__Exercise details__:
Write each line below back out exactly, omitting its pictures.

__Recorded data__:

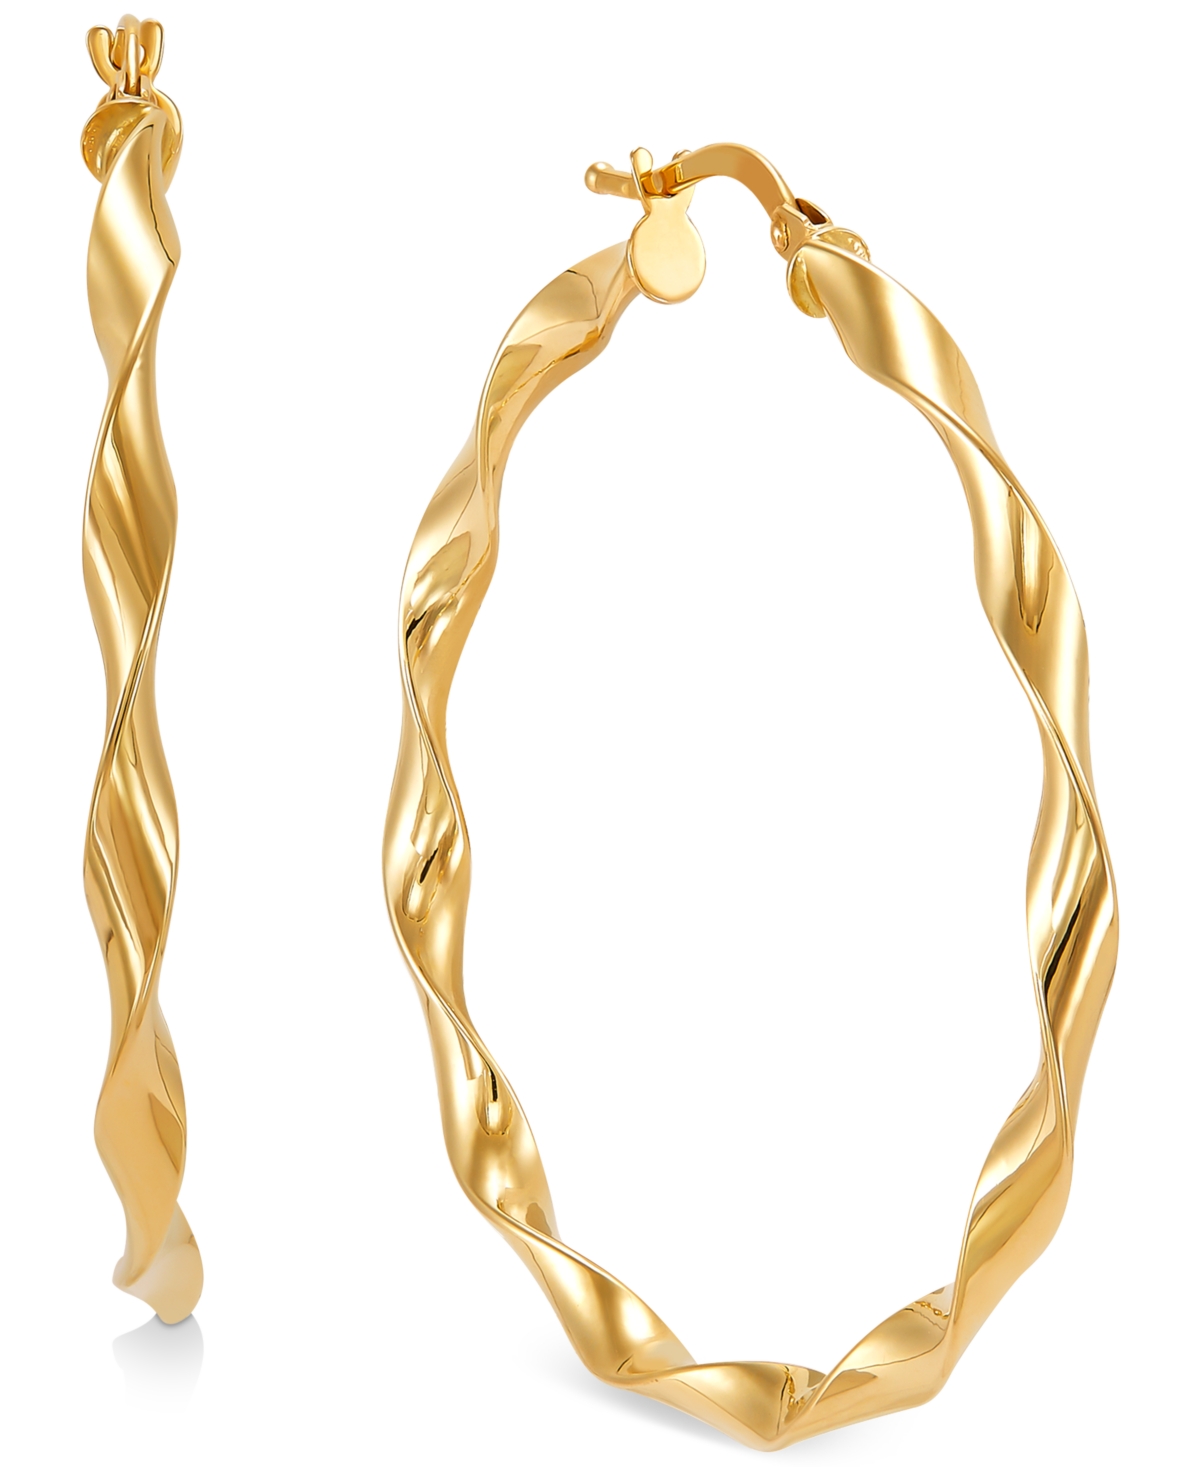 Twisted Round Hoop Earrings in 10k Gold, 40mm - Gold
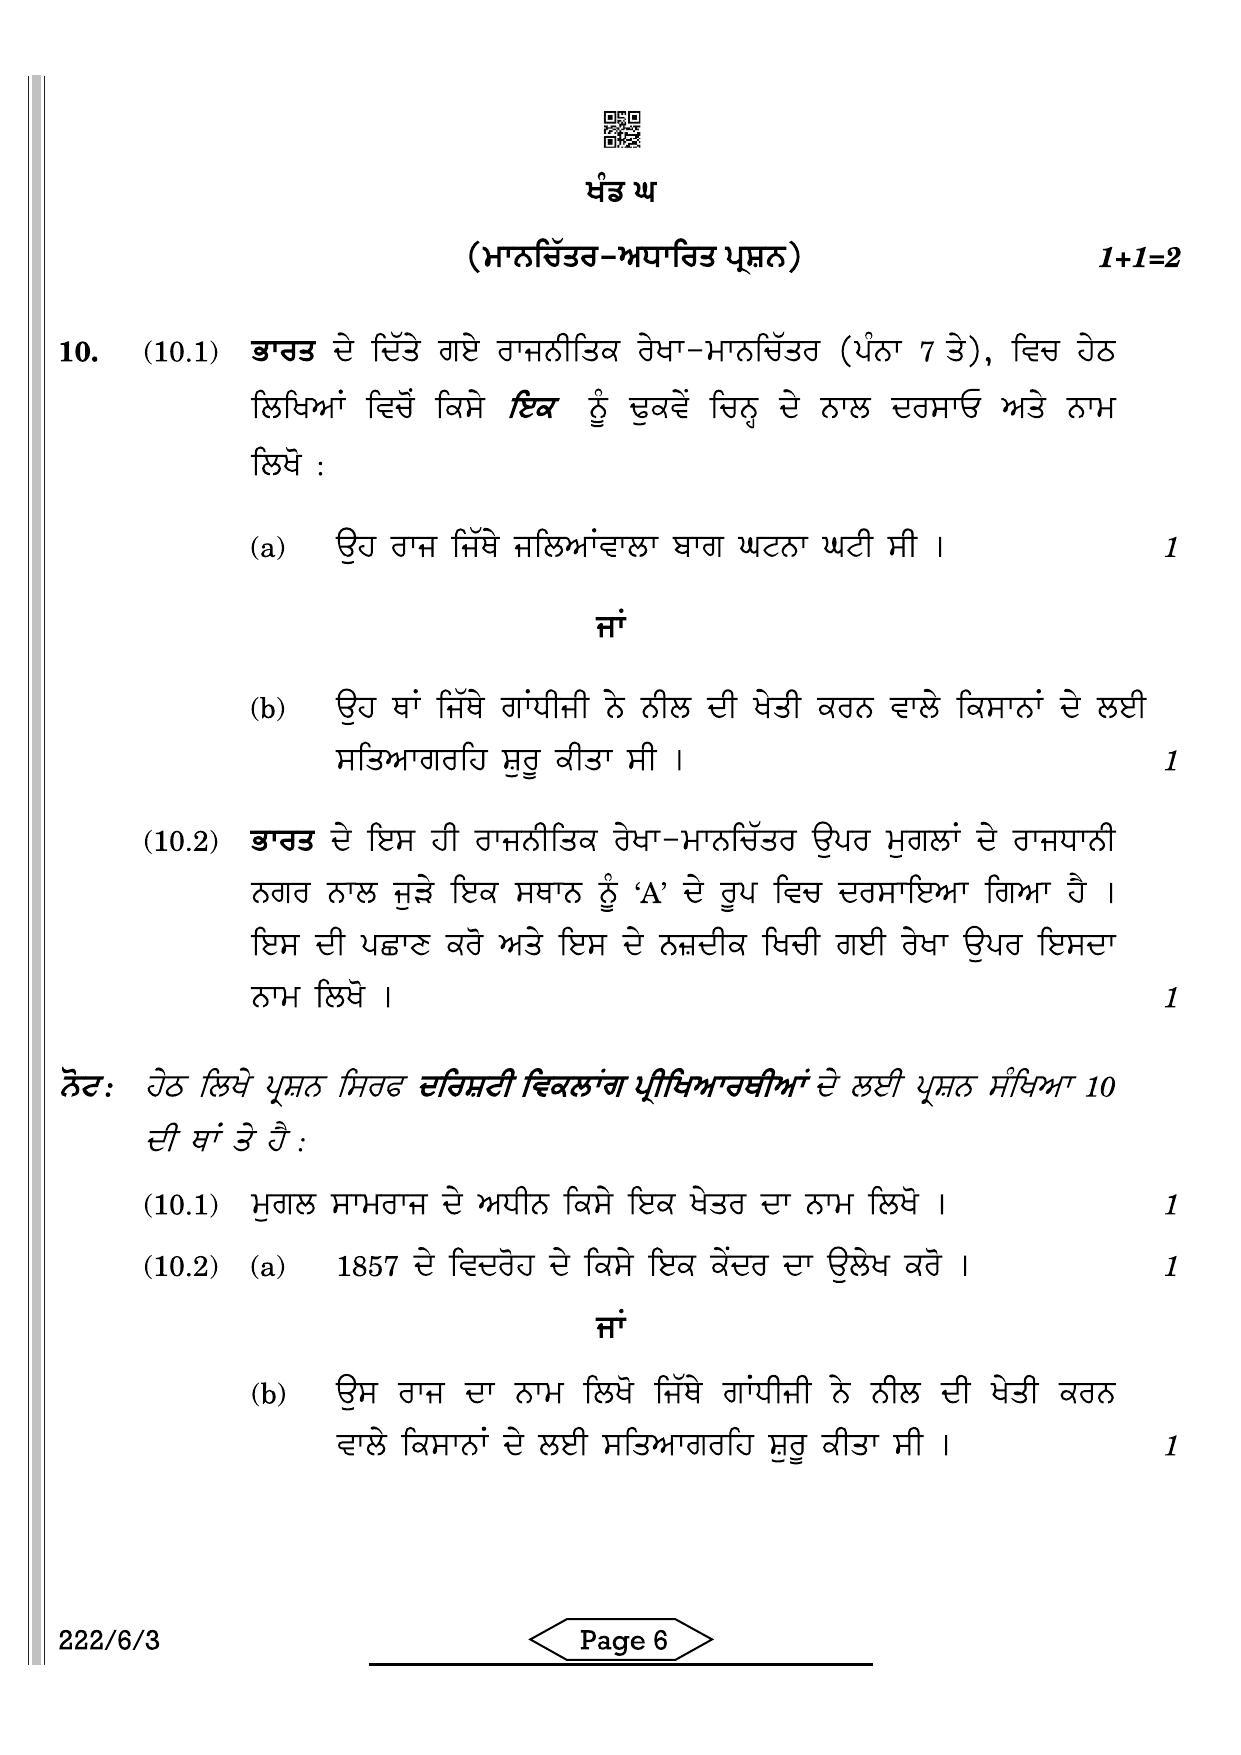 CBSE Class 12 222-6-3 History Punjabi 2022 Compartment Question Paper - Page 6
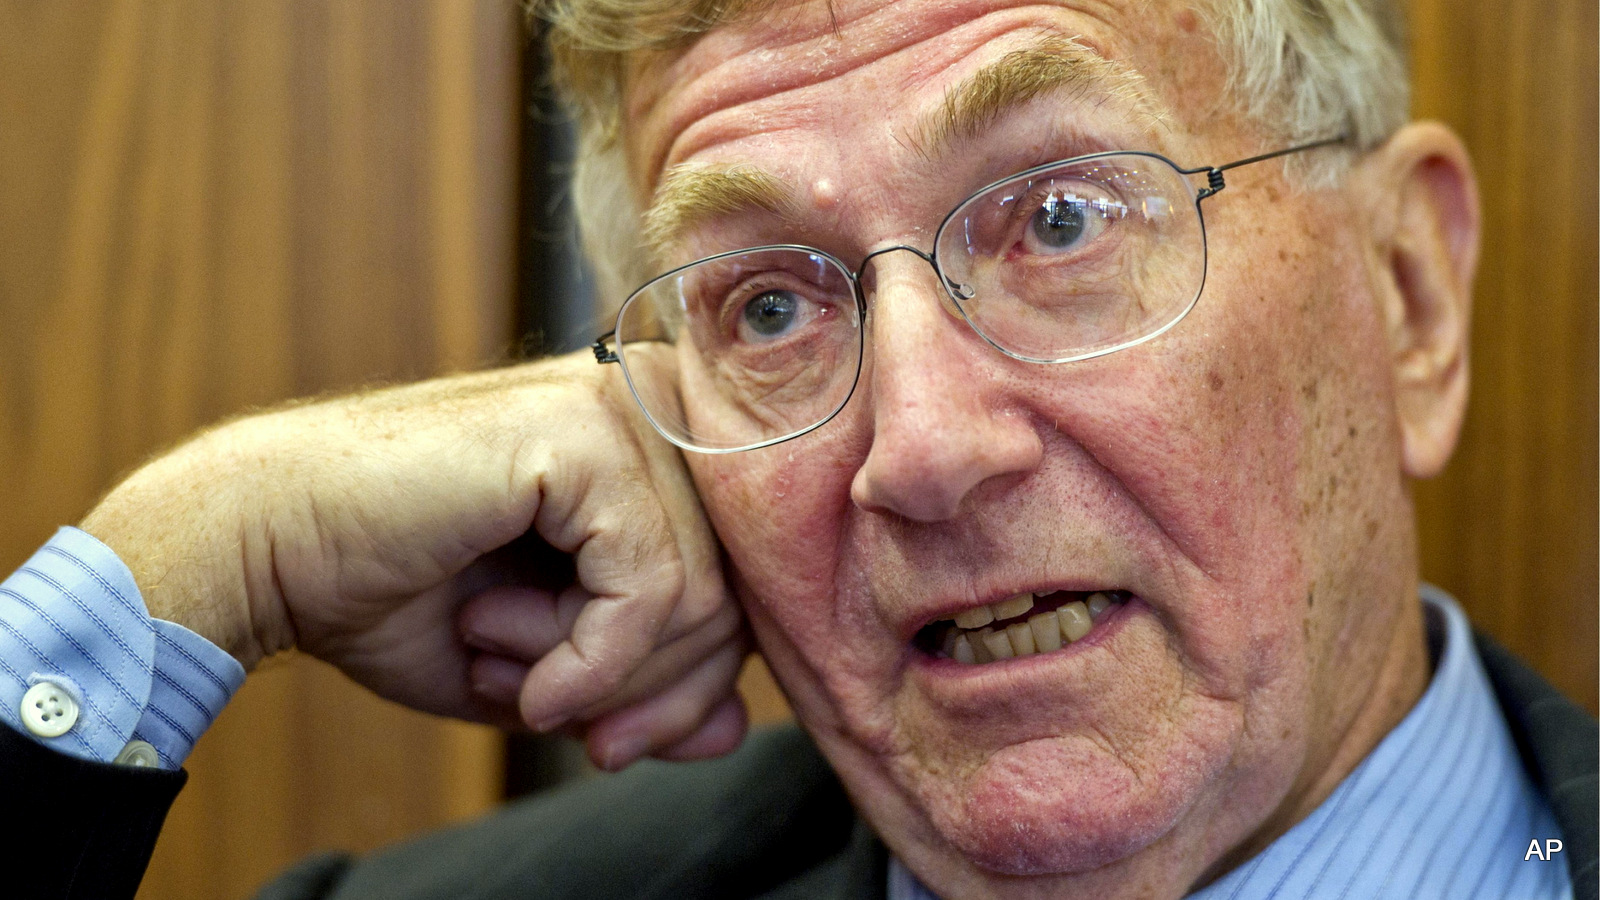 He exposed the My Lai massacre, revealed Nixon's secret bombing of Cambodia and has hounded Bush and Cheney over the abuse of prisoners in Abu Ghraib, and as far as back as 2007 Seymour Hersh has been challenging the official narrative on Syria.

__Result for this task__:
 Twisted Round Hoop Earrings in 10k Gold, 40mm - Gold
 CBSE Class 12 222-6-3 History Punjabi 2022 Compartment Question Paper - Page 6
 He exposed the My Lai massacre, revealed Nixon's secret bombing of Cambodia and has hounded Bush and Cheney over the abuse of prisoners in Abu Ghraib, and as far as back as 2007 Seymour Hersh has been challenging the official narrative on Syria.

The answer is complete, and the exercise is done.